開発途上国では、当然のことながら、経済成長とともに供給カロリーが上がっていきます。1960年台はじめの中国における一人当り一日当りの供給カロリーは、1500Kcalに満たなかったようです。干ばつと大躍進運動がもたらした”3年大飢饉”の影響が長引いたことも背景にあるのでしょう。それが、1970年代末の改革開放後には、急激な増加に転じます。2022年には3500Kcalに迫り、世界トップ5にランクインしています。近年多く見かける中国人旅行者には小太りな人が多いように思います。ちなみに、供給カロリーも肥満率も世界トップに君臨するのはアメリカです。かつて、アメリカの供給カロリーは、欧州各国と比して相対的に低い水準にありました。それが増加に転じたのは、1980年代のことであり、1990年代には世界トップに踊り出ます。
アメリカ人の肥満の原因は、ジャンク・フードにあると言われます。それもそのとおりだとは思いますが、ジャンク・フードは80年代に至ってはじめて普及したわけではありません。アメリカの供給カロリーが増加に転じたのは、ジャンク・フードや冷凍食品にパーム・オイルとコーン・シロップが多用されるようになったからだとされます。アブラヤシからとれるパーム・オイルは、調理用だけでなく、マーガリン、菓子類、インスタント食品などの加工食品用で多用され、石鹸やバイオ燃料にも使われています。その生産量も消費量も、植物油のなかでは、大豆油、菜種油を抑えてトップです。アブラヤシの原産は東アフリカですが、栽培が始まったのは19世紀のインドネシアとされます。オランダ人が種を持ち込み、栽培を始めたわけです。

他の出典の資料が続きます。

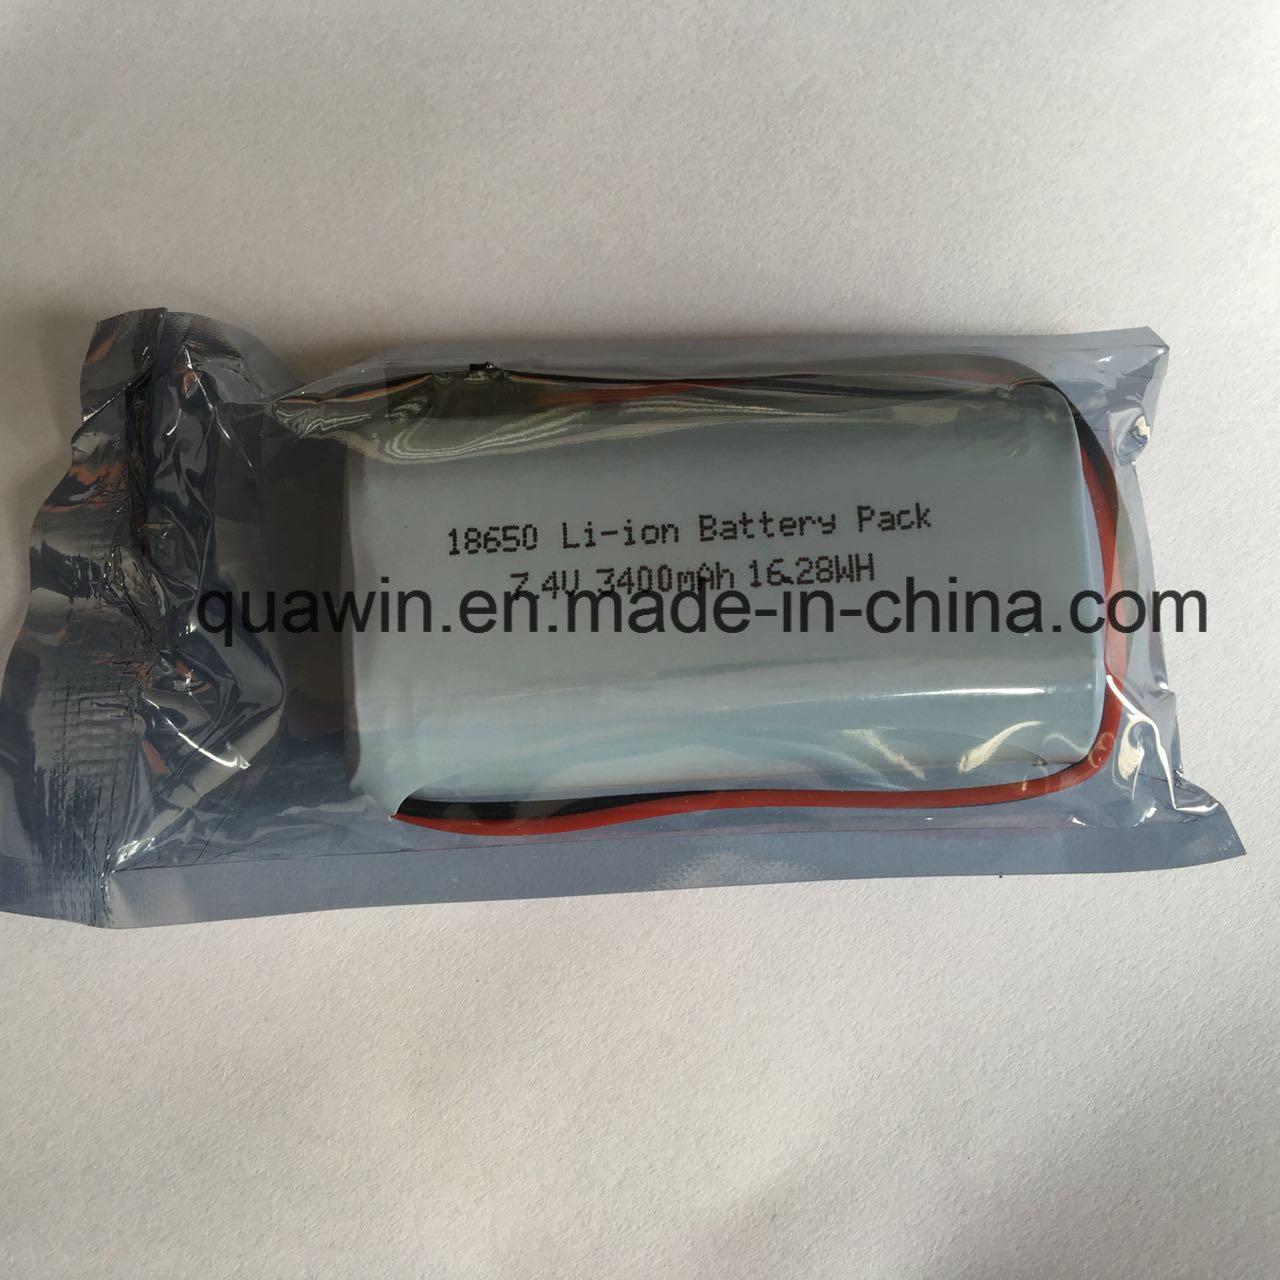 2s1p 7.4V 3400mAh Panasonic Cell 18650 Lithium-Ion Battery Pack

マレーシアで驚いたことの一つは、どこへ行ってもアブラヤシ畑だらけだということです。マレーシアは、インドネシアに次ぐパーム・オイルの生産国であり、この2ヶ国が世界の生産量の8割を占めます。かつて、マレーシアはゴム園だらけだったようですが、1960年代からアブラヤシへの転換が始まりました。そのころからパーム・オイルの生産・消費が拡大し、急成長を続けてきました。パーム・オイルが植物油のトップ・シェアになったとは言え、調理用油としては、アメリカ、南米、中国では大豆油、欧州や日本では菜種油が、依然、主流です。つまり、パーム・オイルは、調理ではなく加工分野でシェアを急拡大してきたわけです。パーム・オイルは、動物性脂肪と同じく飽和脂肪酸が多く、肥満や生活習慣病への悪影響が懸念されています。また、自然破壊や労働問題も指摘されています。しかし、安価で使い勝手のよいパーム・オイルは、生産、消費ともに拡大を続けています。(写真出典:sustainablejapan.jp)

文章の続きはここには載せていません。